State officials said that the official cause of Wednesday’s train derailment could be known by the end of the week.
Columbus fire officials Wednesday evening ruled out sabotage or a terrorist attack, leaning more toward a mechanical failure.
The National Transportation Safety Board said that a 10-member crew would be launched to investigate the derailment that occurred on Fields Avenue, near 5th and 11th avenues, in north Columbus at about 2:05 a.m.
The area was shut down because of the derailment of a Norfolk Southern train from Chicago, heading to Linwood, N.C.
Sixteen of 98 cars that were carrying chemicals like ethanol and Styrene, a chemical used to make plastic, derailed. Cars carrying grain and corn syrup also fueled the fire, which burned for nearly 12 hours.
As of 4 p.m., three cars carrying ethanol were still burning and would continue to burn for an undetermined amount of time, according to railroad officials.
Officials said that the car carrying Styrene was not punctured during the derailment.
John Fonner of the Public Utilities Commission Rail Division said that it was unlikely speed, hazardous materials or a train signal caused the crash, which resulted in an explosion and hundreds of evacuations within a half-mile radius of the blaze.
Resident Marquita Kelso said that she woke up to police banging on her door.
“I looked back, there was a huge fire ball with a whole bunch of smoke coming up,” Kelso said.
Natalie Freshour said that she heard a loud boom and looked outside to see what looked like daylight.
“I ran outside and saw flames coming up from behind the house, so we immediately leashed up the dogs, threw some clothes on and ran out the door,” Freshour said.

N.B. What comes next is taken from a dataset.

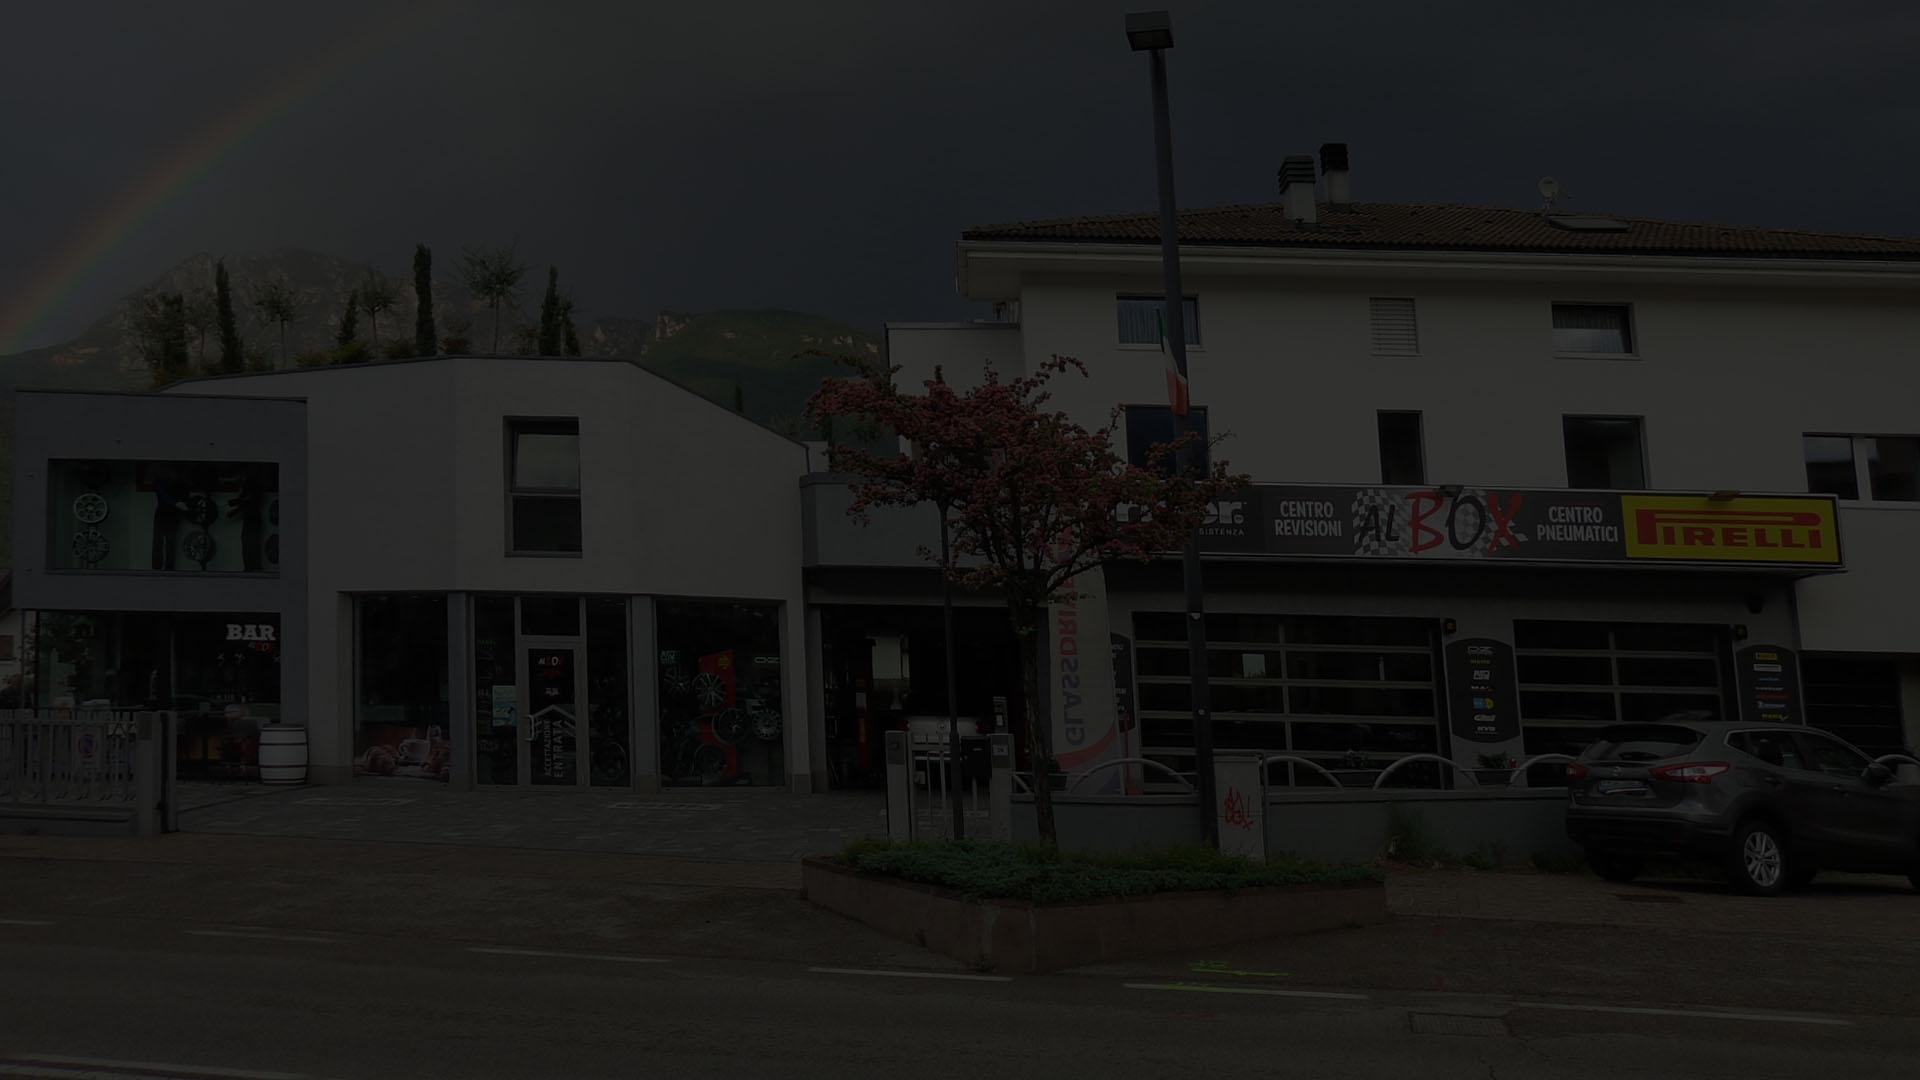 AL BOX | Centro Revisioni e Car Service
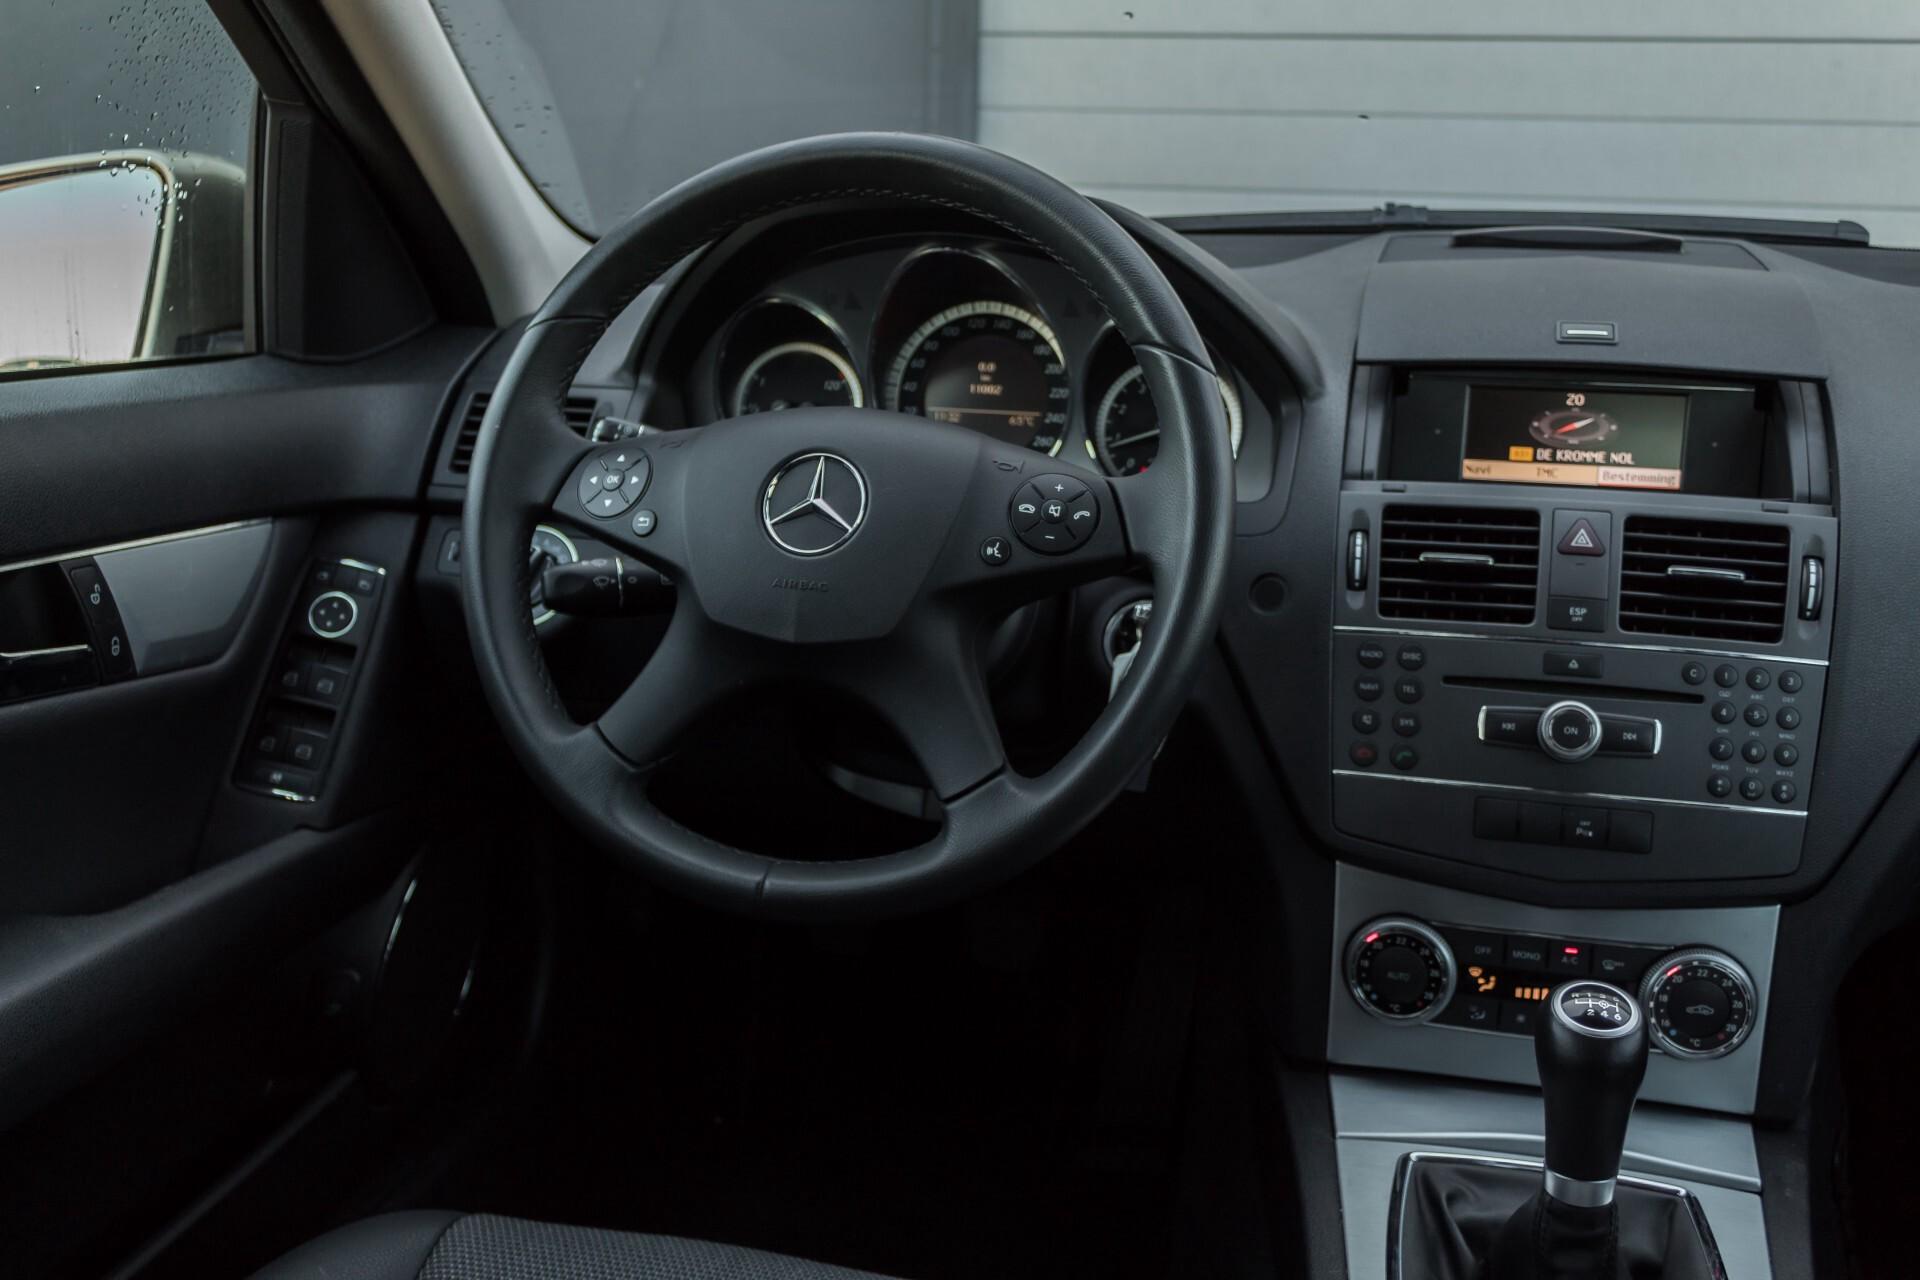 Mercedes-Benz C-Klasse 180 K Avantgarde 1ste eigenaar/NL geleverd/Dealer onderhouden/Volledig gedocumenteerd Foto 6

Fire officials said that when the train derailed, two people ran to the scene and were injured when the explosion occurred. Two rail workers also were injured. The victims transported themselves for medical attention with minor injuries. The conductor of the train escaped the derailment uninjured.
“What they will probably find for as big as dramatic as the video was, the actual flaw was an itty bitty thing,” Fonner said.
Fonner said it was more likely that the cause would be found in the moving parts of the train or issues with the track. He said that something called a “heat kink” could be a factor.
“So, you have over a mile of rail,” Fonner said. “As it heats up, it wants to get longer, but it’s tied down in so many parts, it gives and it blows or it moves.”
In July 2010, one of Washington D.C.’s Metro system tracks warped because of heat. The rail was replaced, averting disaster.
In 2011, 26 trains nationwide were derailed.
Norfolk Southern officials said that they would not try to re-rail or move the cars until given NTSB approval.